I dont understand why this kit does not come with a nitrate test. Now I have to buy another bottle.


----------



## Susp3nc3 (Jan 27, 2005)

heh my AP master test kit came with one


----------



## mashunter18 (Jan 2, 2004)

Moved to equipment forum...


----------



## deezdrama (Jul 9, 2005)

why the hell didnt mine?


----------



## doctorvtec (May 15, 2004)

Did it say on the box it is supposed to?

I have the AP master kit, and mine came with a nitrate test.


----------



## jesterx626 (Jul 27, 2005)

doctorvtec said:


> Did it say on the box it is supposed to?
> 
> I have the AP master kit, and mine came with a nitrate test.
> [snapback]1190025[/snapback]​


same here.


----------



## dipset.taliban (Sep 8, 2005)

u got beat in ur face

take that sh*t back


----------



## BASSFISHERMAN (Feb 22, 2004)

the older versions of the kit did not have a nitrate test. looks like someone ripped you off


----------



## doctorvtec (May 15, 2004)

bassfisherman said:


> the older versions of the kit did not have a nitrate test. looks like someone ripped you off
> [snapback]1190290[/snapback]​












Hence why you always check the box for a contents list.

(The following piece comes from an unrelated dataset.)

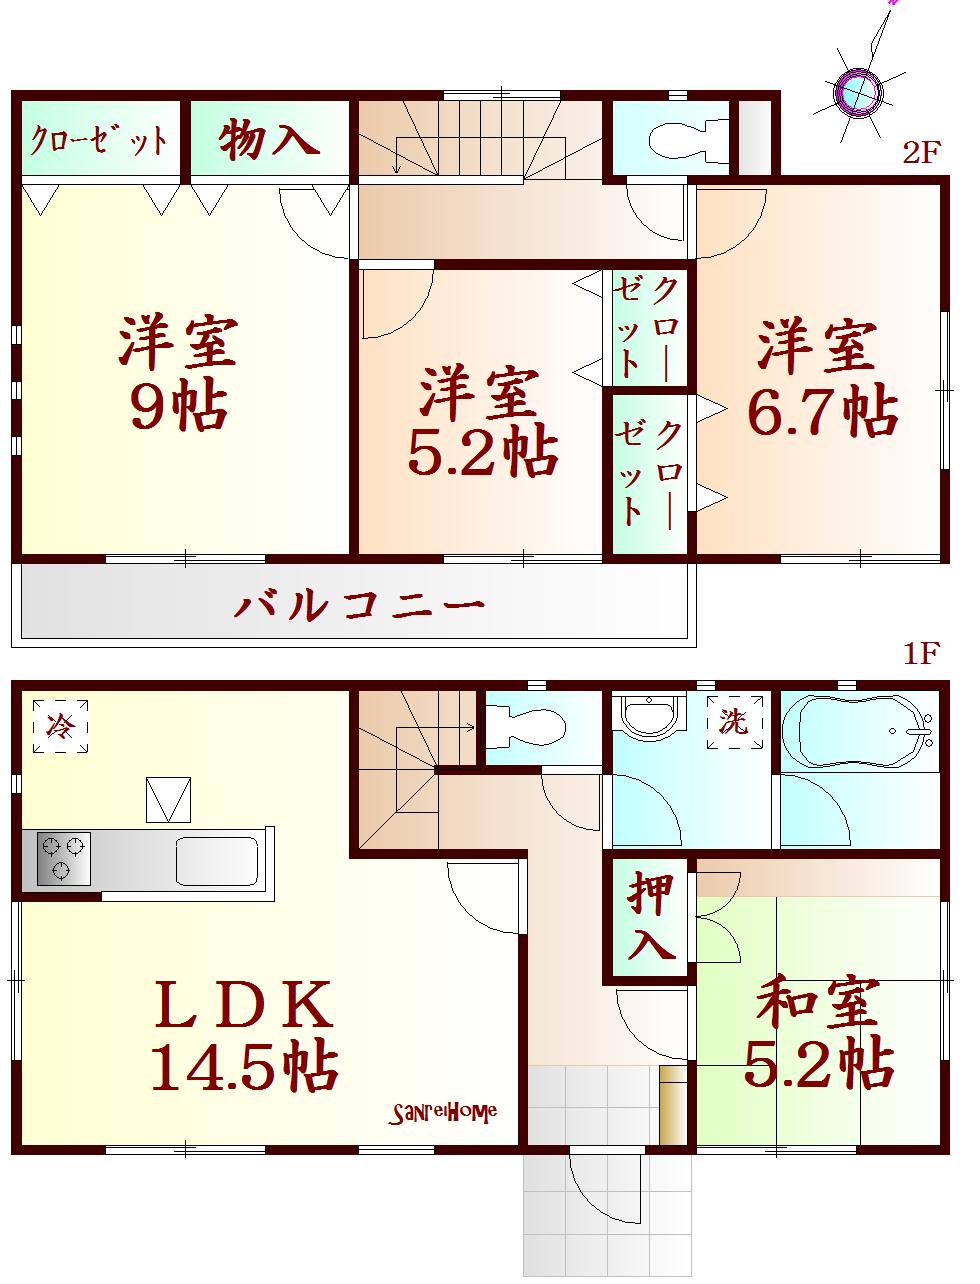 Floor plan. (1-3 Building), Price 17.8 million yen, 4LDK, Land area 197.49 sq m , Building area 95.57 sq m
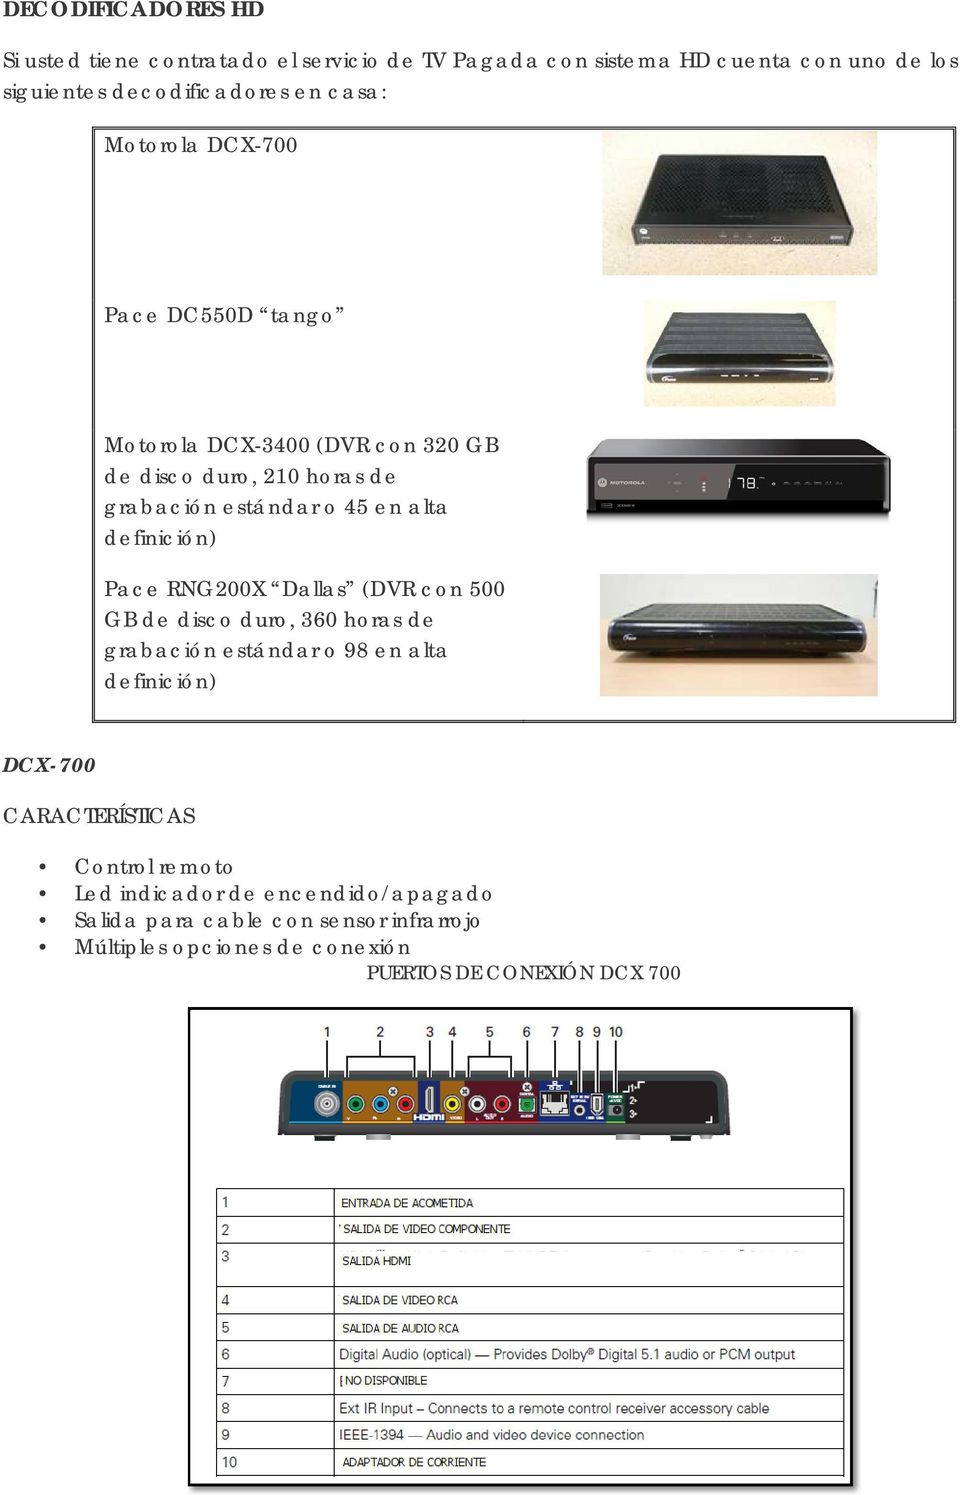 definición) Pace RNG200X Dallas (DVR con 500 GB de disco duro, 360 horas de grabación estándar o 98 en alta definición) DCX-700

Wow, I can't believe the old kits are still floating around.


----------



## jamesdelanoche (Dec 15, 2004)

yeah i just got one and its got the nitrate test, i love this test kit btw


----------



## Piranha King (Nov 28, 2002)

take it back if you can.
wes


----------



## deezdrama (Jul 9, 2005)

I bought it on ebay


----------



## Susp3nc3 (Jan 27, 2005)

deezdrama said:


> I bought it on ebay
> [snapback]1190546[/snapback]​


that could explain the old test kit







i would be reluctant to buy one on ebay since you dont know how old it is....you dont want an old test kit anyway...


----------



## deezdrama (Jul 9, 2005)

do you think it is not accurate now???? All the bottles seem unused.


----------



## doctorvtec (May 15, 2004)

If the bottles were unused, I think the tests you currently have will be a-ok.


----------



## Dr. Giggles (Oct 18, 2003)

I was told once that if manufactured in the US come with the gH while the ones that come out of Canada contain the nitrate test kit. Not sure on the accuracy of that report.


----------



## deezdrama (Jul 9, 2005)

I seen the ones last night at the pet store with the nitrate.


----------